Целоваться, хватаясь друг за друга, до пылающих губ. И ноги совсем уж не держат, и им рухнуть бы здесь же, в сено, в обнимку, и проспать этот день, и всю ночь, и еще пару лет. Их хватились уж, наверное, сокурсники или дядьки. И после поганых речей Фискала стараться поодаль… насколько мочи хватит и сил. Сдюжат ли?..

Покинуть конюшню порознь, тайно, как воры, беспрестанно оглядываясь и страшась, осматривая себя очень пристально, нет чего ли… отметин, следов на виду. А после долго оттирать с себя ледяной водой у пруда его запах и вкус…

Разве это возможно? Ведь насквозь пропитался, до краев им заполнен.

*

Ночь в Лицее темна и тревожна, полнится таинственными шорохами и скрипами, сопением, подчас из-за притворенных наглухо дверей какой-то из келий доносится тут же обрывающийся всхлип, тщетно сдерживаемый стон, что все же рвется наружу…

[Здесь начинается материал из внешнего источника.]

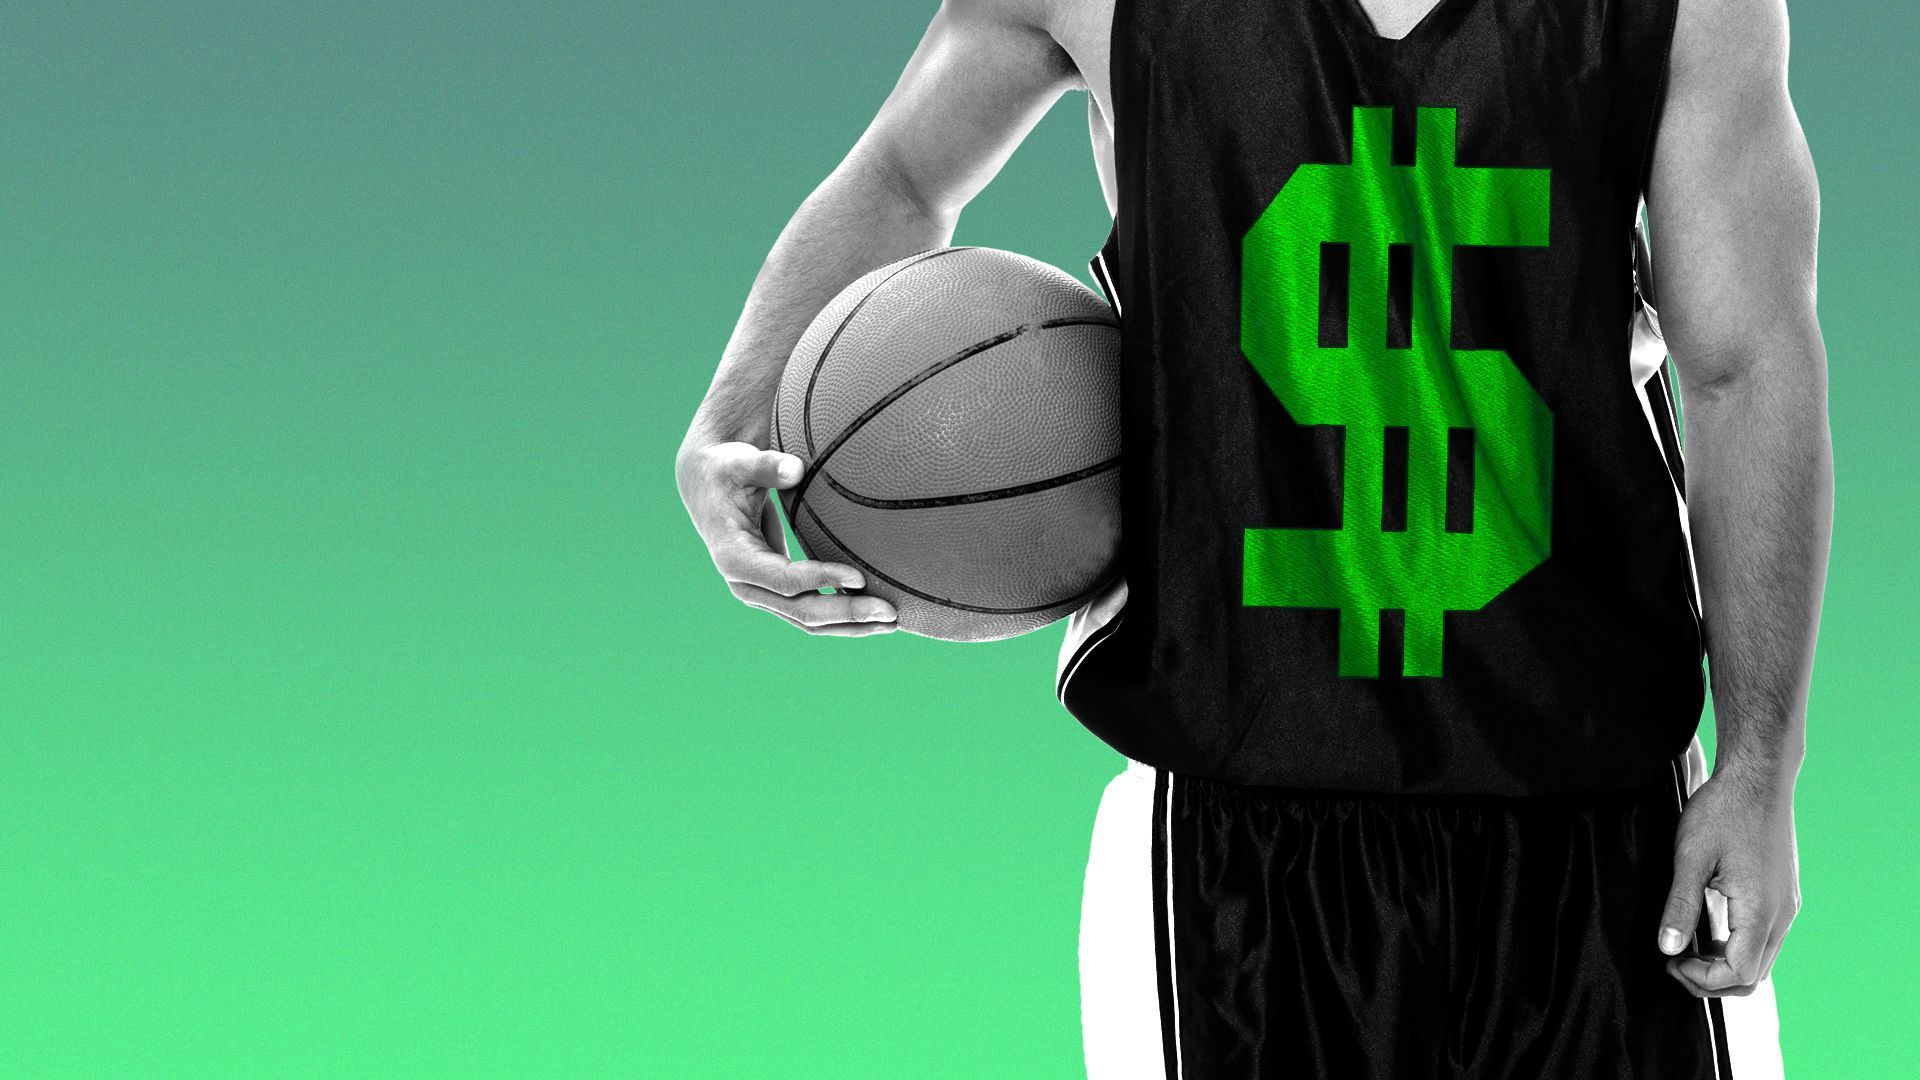 Illustration of a college basketball player with a dollar sign on his jersey.

Прокофьев затихает на своей узкой, жесткой кровати вскоре после полуночи вроде. И тут же тень, точно того и ждала, метнется беззвучно наискось. Дверь в комнату под номером тринадцать, и петли даже не скрипнут. Ступит в полоску молочного света, что льется сквозь поредевшую снаружи листву и стекло.

Жанно не спит, приподнимется на подушках, моргнет изумленно, поправляя ночной колпак на примявшихся со сна кудрях.

— Горчаков? Ты… с-соскучился что ли? Нельзя же…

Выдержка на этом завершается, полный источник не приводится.